It’s too easy to become embroiled in heightened discourse that gets our adrenaline running, and leaves us feeling like we’re about to have a stroke. The familiar online exercise in frustration as we to try knocking at strangers’ doors to make point.

But is “clapping back” at strangers on Twitter really the best use of our positions and voices?

Instead, I recommend an empowered reframing of guilt for white Americans:

  • Do you really feel guilt after learning more truth about American history? Or did someone tell you that’s how you feel?
  • What’s wrong with feeling guilt, anyway?
  • How do you personally manage your own emotions?

It’s imperative to understand yourself as an individual and as someone who lives in the U.S. We’re individuals – even when it’s easier to gag, than proudly say, “I’m a U.S. citizen.” We must own what we are. Engaging in critique of our country is a hallmark of the lie which stole this land, and while it still stands, I claim it as my own right. So should you.

Solidarity

Another accepted lie is that standing up to Nazis, Proud Boys, Patriot Front, and the KKK will lead to some sort of terrible fate FOR you. It’s true that individuals within these groups can be murderous. But at this point there’s more danger from my local police force than my local Proud Boys chapter, statistically speaking.

It’s your Constitutional Right as a citizen to take personal safety measures and choose who, how, and when to use your privileges to speak out against these hate groups. While hate groups are known to provoke violence against specific targets, that doesn’t mean we should pretend those groups aren’t a very real risk to everyone; and that speaking out against them shouldn’t happen.

Wishing away racist mobs doesn’t work. Ignoring them, in hopes they’ll pipe down and go away, is exactly what brought us to where we are now. It’s false to assume the only response against racist ideology and religious extremism is physical violence.

Use Your Whiteness

There are a myriad of ways which us white people in particular should use our whiteness. First we must accept our own inherent racism and commit to being anti-racist.

Religious discrimination, xenophobia, transphobia, racism, ableism have to be left out of any real discourse and forward movement. We must be in solidarity against all colonial powers, and reject them for the patriarchal failures they are.

This means embracing and listening to Indigenous #landback advocates, and trans peoples.

Broadening Our Possibilities

A politics in a feminine key, posits Dr. Segato, is a broadening of our understanding and our own possibilities.
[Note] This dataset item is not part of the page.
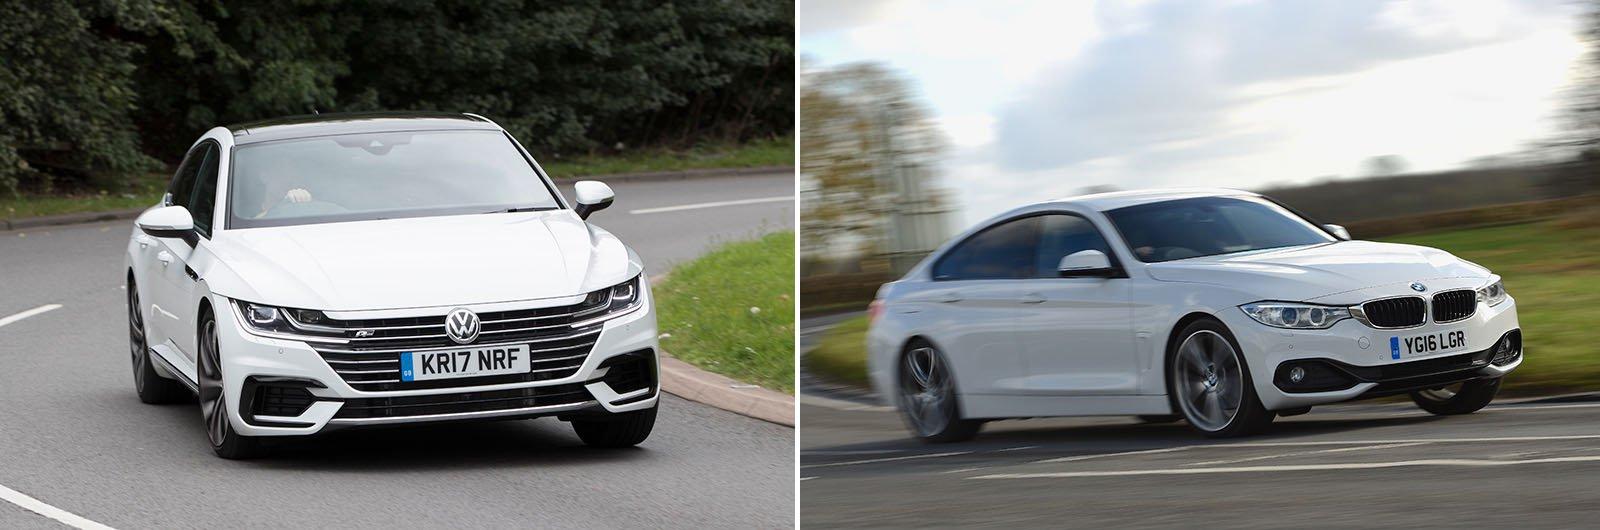 New Kia Stinger vs used BMW 5 Series – alternatives

A feminine key, as envisioned by Dr. Segato, is a relaxation of the hierarchal structures and norms itself. A good example of this could be seen as simple as the decorum of public speaking at Statehouses: itself an arduous process fraught with nepotism and religious and white privileges.
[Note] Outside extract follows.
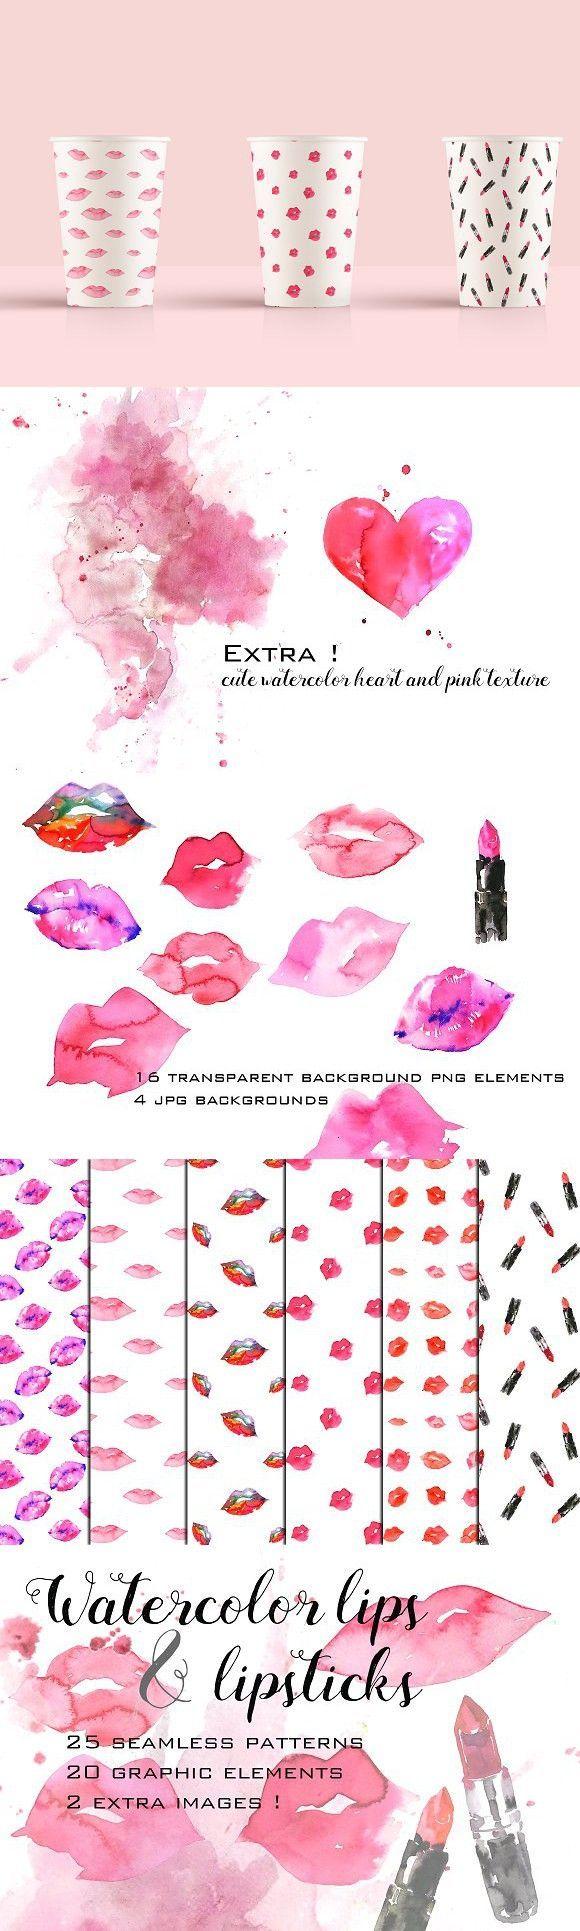 Watercolor lips and lipsticks set  - Branding Tips -

Intentional, conscious movement for a collective, communal, less formal way of meeting one another realistically is encouraged.

I suggest a shift from defeatist narratives. It’s my own thought that the surging rise of American and global fascism is a kneejerk response to transcendent technological and educational expansion. Over the last 20 years, youth especially have more access to the world than before. Perhaps the fear of losing this draconian social power structure prompted the escalating hate rhetoric and activity.

But what if those of us who with more social and racial liberties, and the financial ability to create and maintain  platforms, capitalized on the educational and technological strides we’ve made, and actively communicate against inequity–rather than fearfully hiding?

The example of passive state violence in ignoring, rather than reinforcing, safeguards and infrastructure during the COVID-19 pandemic, could be seen as an example of the ableist patriarchal order.

One remedy to this would be enabling online access to all forms of social services whether it be medical appointments, public speaking engagements, or testimony at public hearings.

Abolition

America must reject the capitalistic control of its carceral system – from local police to national military, and both prison and foster-care systems. The continuous introduction of legislative restrictions on individual American rights make it impossible for individuals working in systems which intersect criminal justice to change these systems from within.

It’s unacceptable that anyone can be criminalized, institutionalized, or die at the hands of police, let alone have their lives and livelihoods ruined. It must be acknowledged that the criminal justice and prison systems in the United States specifically target non-citizens, Black Americans, and Indigenous peoples.

Prison and police abolition would also make the abolition of the country’s failing mental health system possible. After the risk of imprisonment is eradicated for the most targeted populations, only then will mental health and wellness – for the individual and the collective-can be addressed. Mental health professionals who are abolitionists have to recognize the current and historic racist systems of oppression as they exist today; and their roles and benefits within them.

Meet You Where You’re At:

The United States is dying. We’ve accepted that. But where are you?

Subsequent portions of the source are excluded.